▶ [AVAILABLE RECORDS]
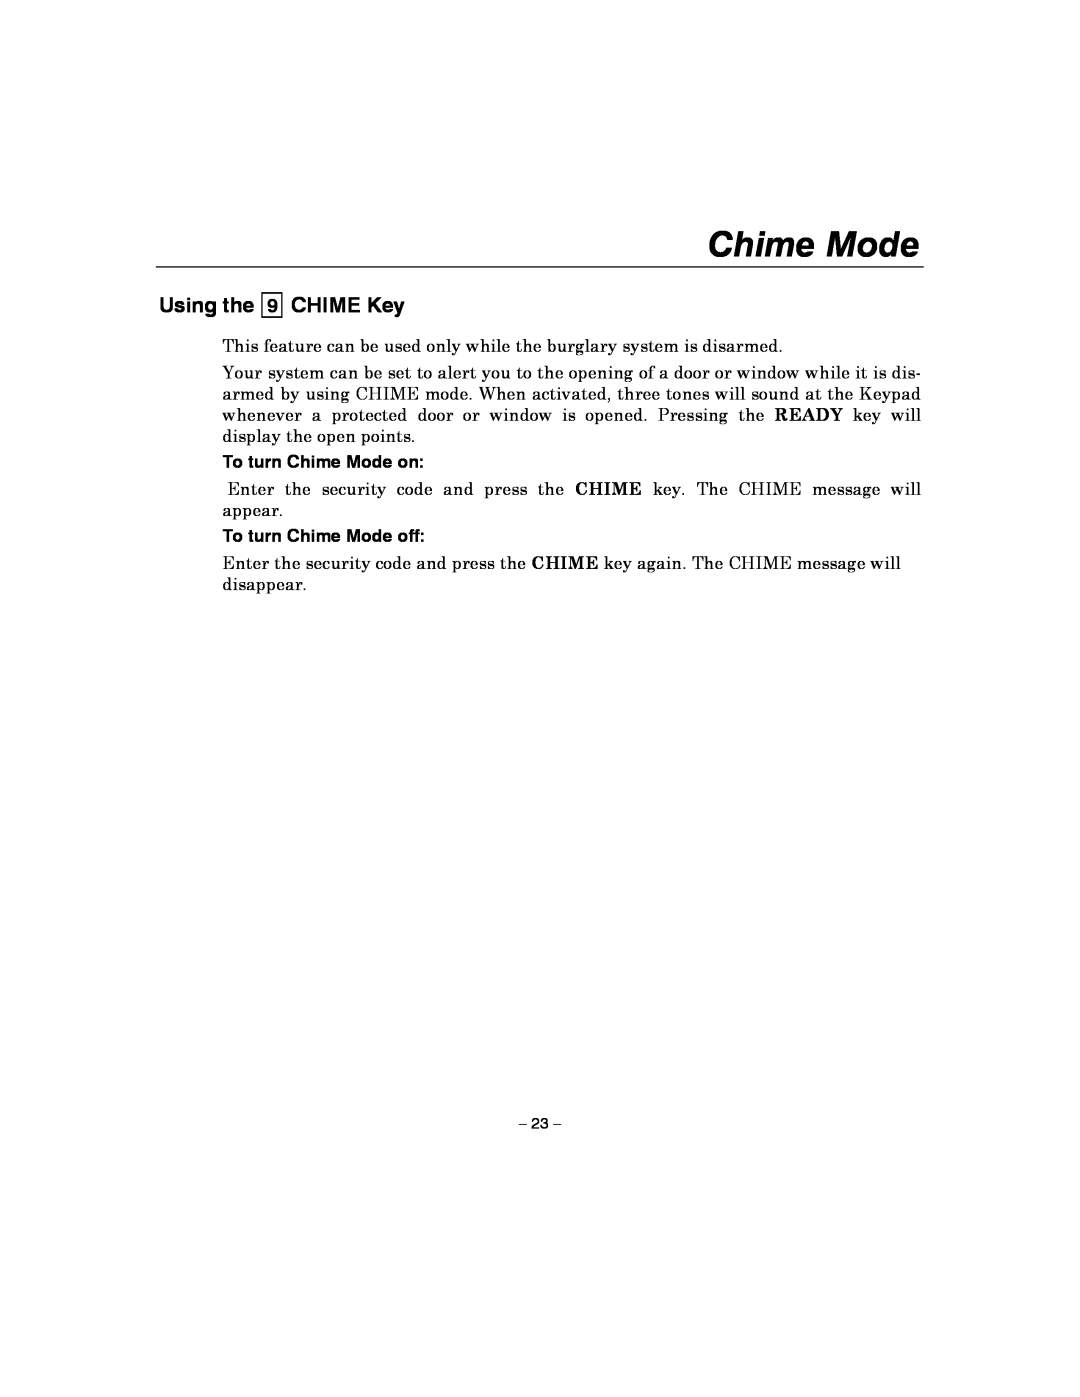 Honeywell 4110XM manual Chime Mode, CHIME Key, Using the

* * *

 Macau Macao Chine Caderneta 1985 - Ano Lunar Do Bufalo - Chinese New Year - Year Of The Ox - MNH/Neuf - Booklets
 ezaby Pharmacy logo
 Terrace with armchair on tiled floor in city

▶ [WHAT IS REQUIRED] Please transcribe only the lines in the records above running from the line that has "Macau Macao Chine" through the line that has "Terrace with armchair on tiled floor in city", both included, exactly as they appear.

▶ [REPLY TO THE EXERCISE]
 Macau Macao Chine Caderneta 1985 - Ano Lunar Do Bufalo - Chinese New Year - Year Of The Ox - MNH/Neuf - Booklets
 ezaby Pharmacy logo
 Terrace with armchair on tiled floor in city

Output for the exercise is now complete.